Emma Van Name also known as Little Girl in Pink With a Goblet Filled With Strawberries is an 1805 portrait painting by self-taught American folk artist Joshua Johnson and is in the collection of the Metropolitan Museum of Art.

== Description ==
The work depicts a female toddler from Maryland and was painted in Baltimore.

It was rediscovered in the late 1950s by New York folk and modernist art dealer, Edith Halpert.
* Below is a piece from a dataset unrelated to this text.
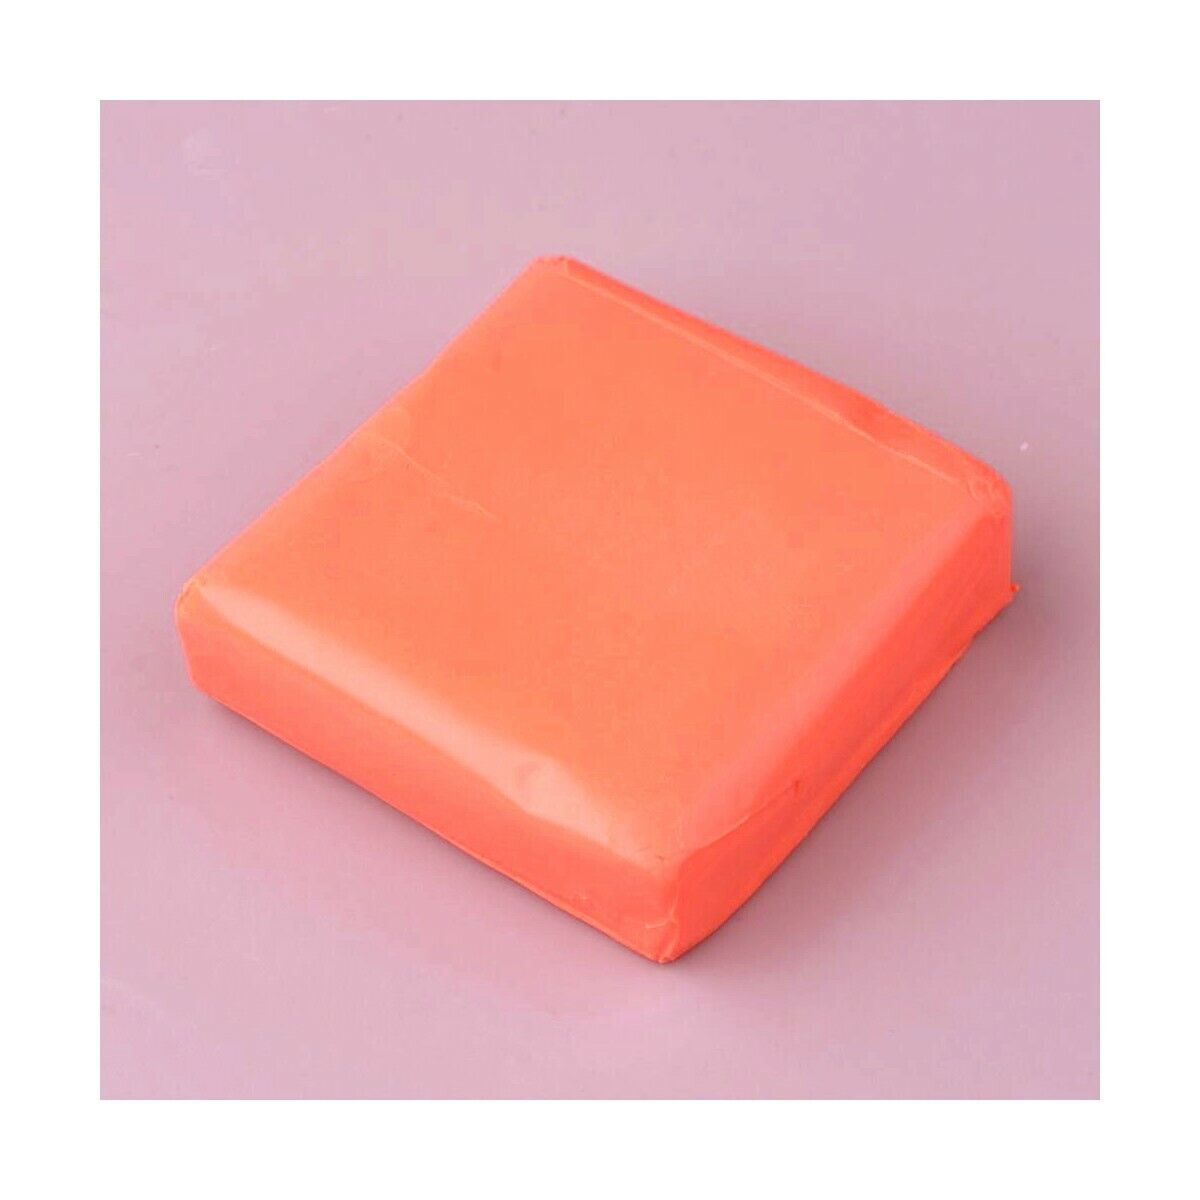 Polymer Modelling Clays Bright Orange 50x50mm Oven Bake 2 Packs Of 50g+

Afterward, it was included in numerous international exhibitions and is considered an icon of American folk painting.

After being acquired by Edgar William Garbisch and his wife, Bernice Chrysler Garbisch they donated it to the Whitney Museum of American Art in 1970. However, the museum made a decision in 1978 to focus on "collecting in the 20th century". In 1988, it was sold for $660,000 at Sotheby's to art dealer Alexander Acevedo, more than 14 times the previous record at auction for any of Johnson's work. Sotheby's folk-art specialist Nancy Druckman described it as "one of the most widely exhibited folk portraits."

After the auction closed, actor Bill Cosby, owner of multiple Johnson works, was a critic of the sale.

The work was acquired by the Metropolitan Museum of Art in 2016.